» **Exercise objective**
Retype the whole listing below exactly, keeping every picture out of it.

» **Data below**

----------------

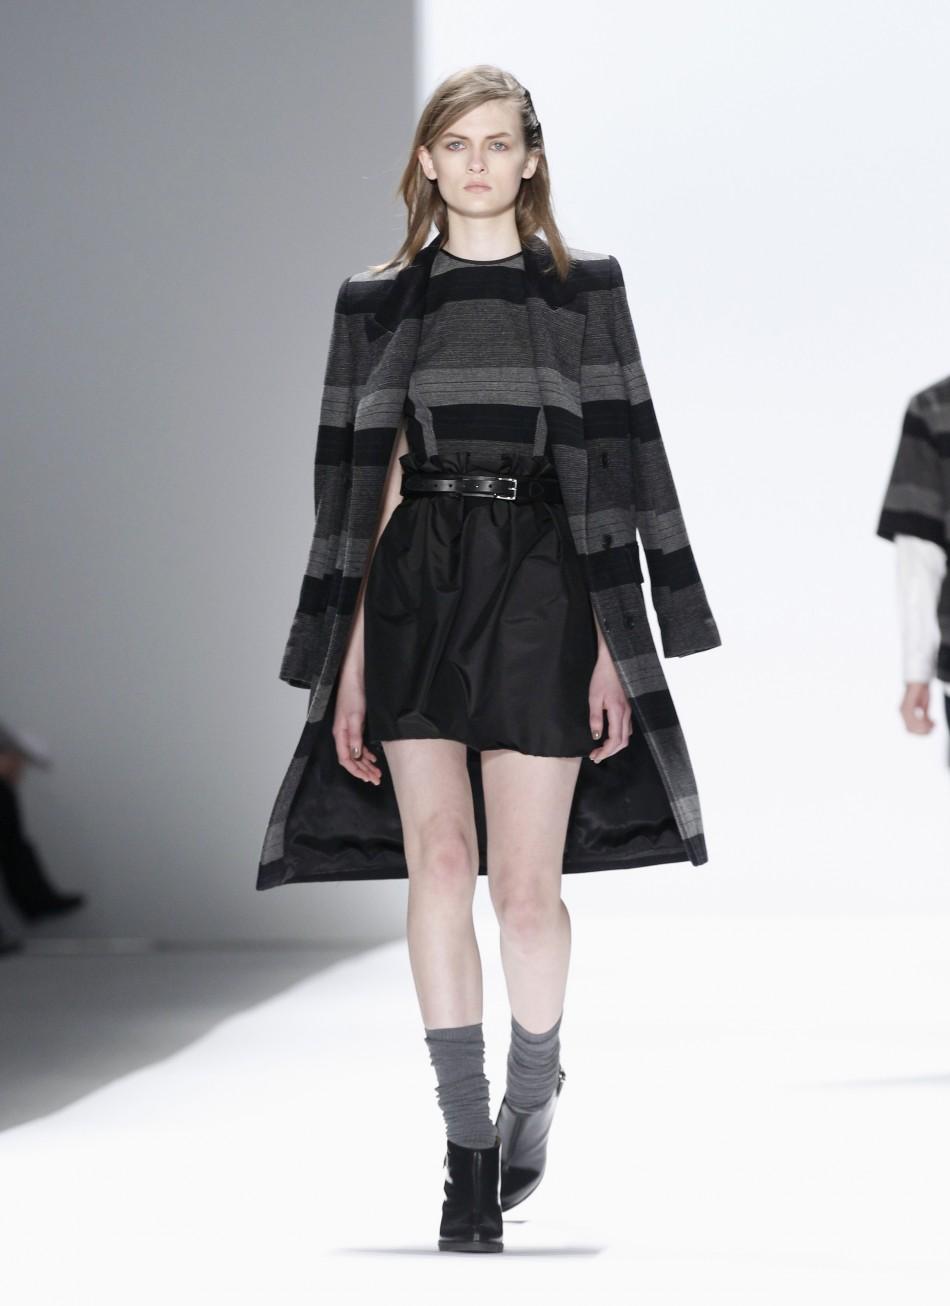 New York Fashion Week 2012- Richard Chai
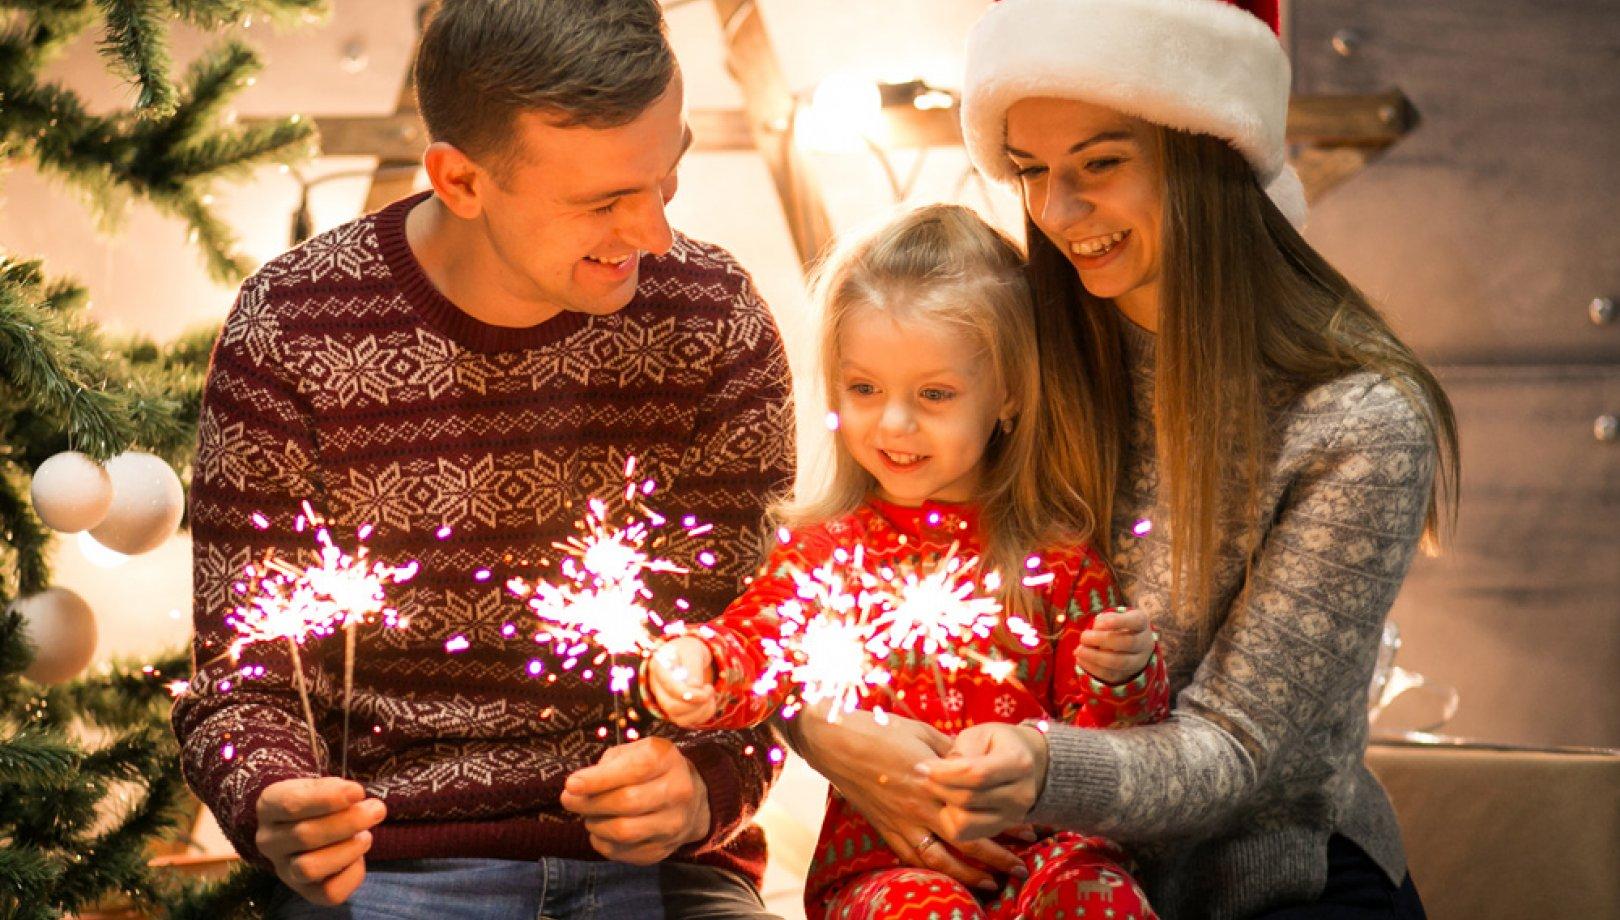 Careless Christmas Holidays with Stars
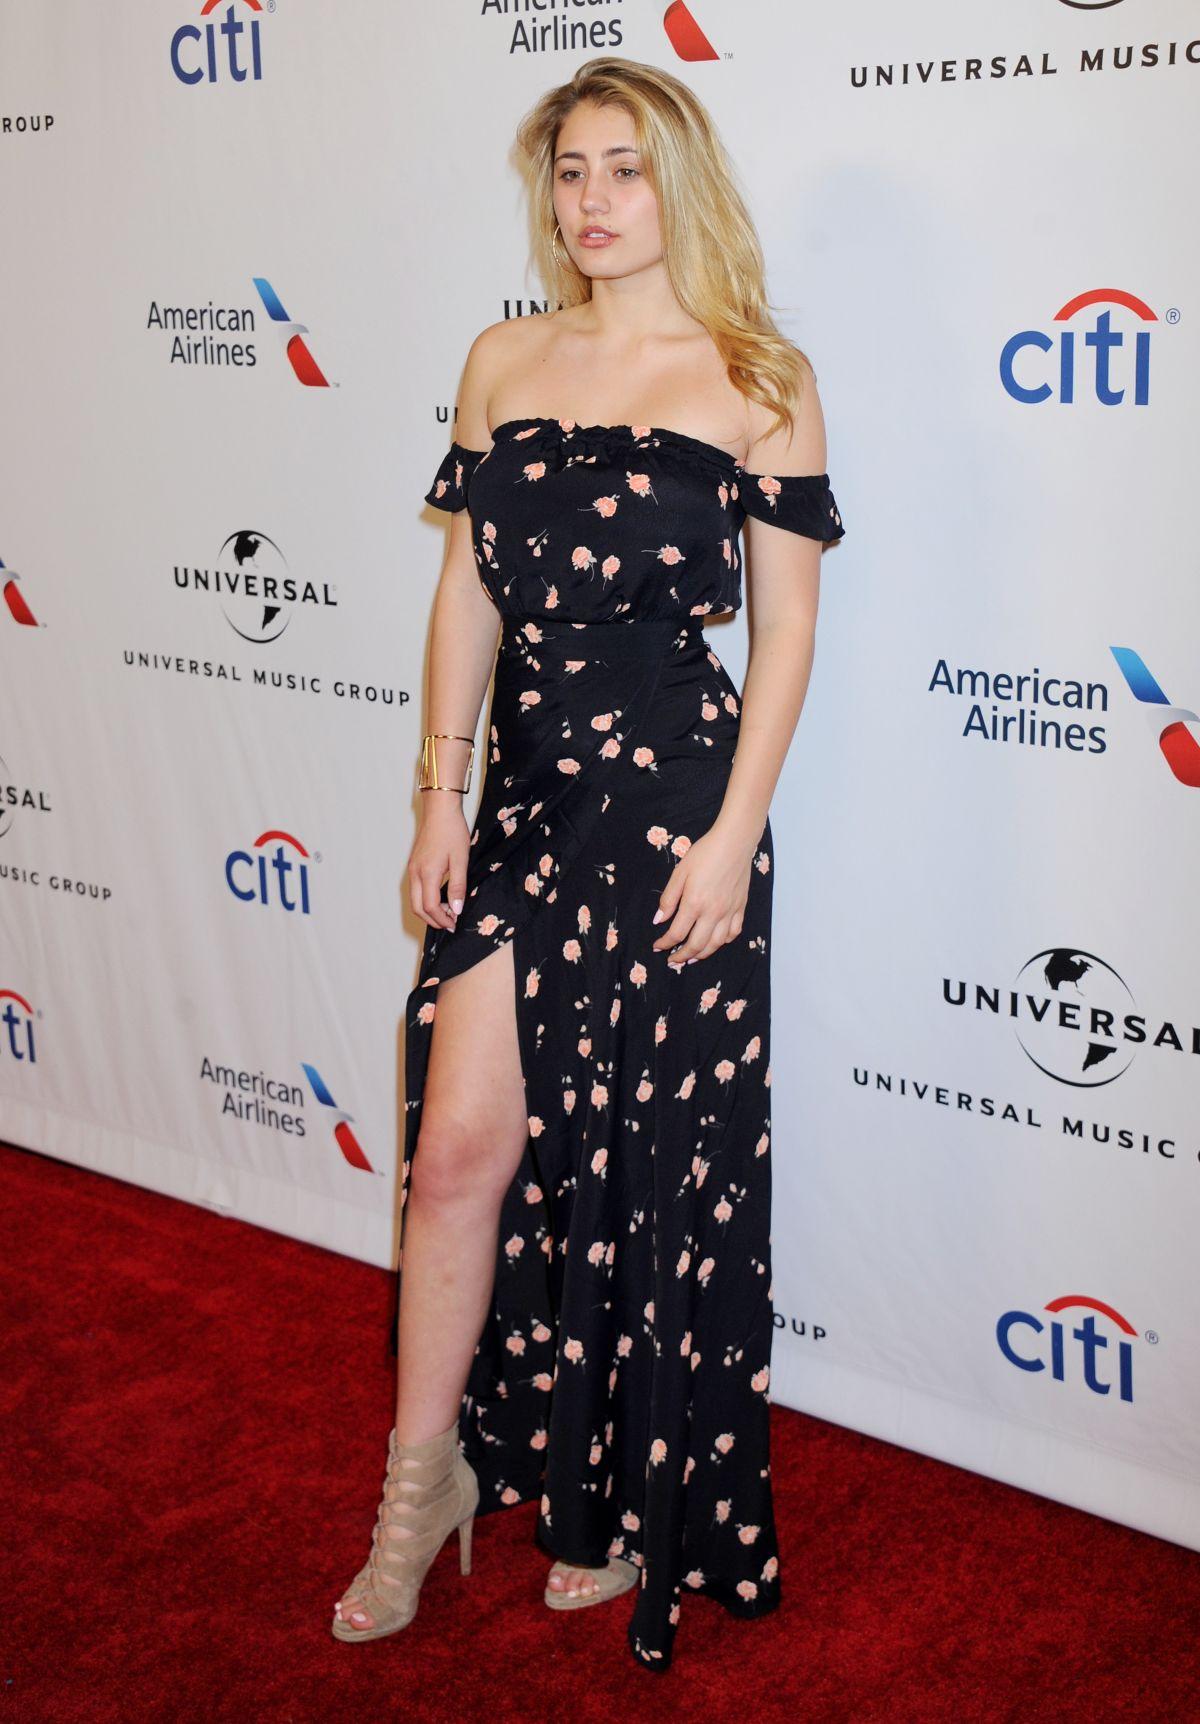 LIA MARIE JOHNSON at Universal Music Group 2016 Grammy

----------------

» **The completed task**
 New York Fashion Week 2012- Richard Chai
 Careless Christmas Holidays with Stars
 LIA MARIE JOHNSON at Universal Music Group 2016 Grammy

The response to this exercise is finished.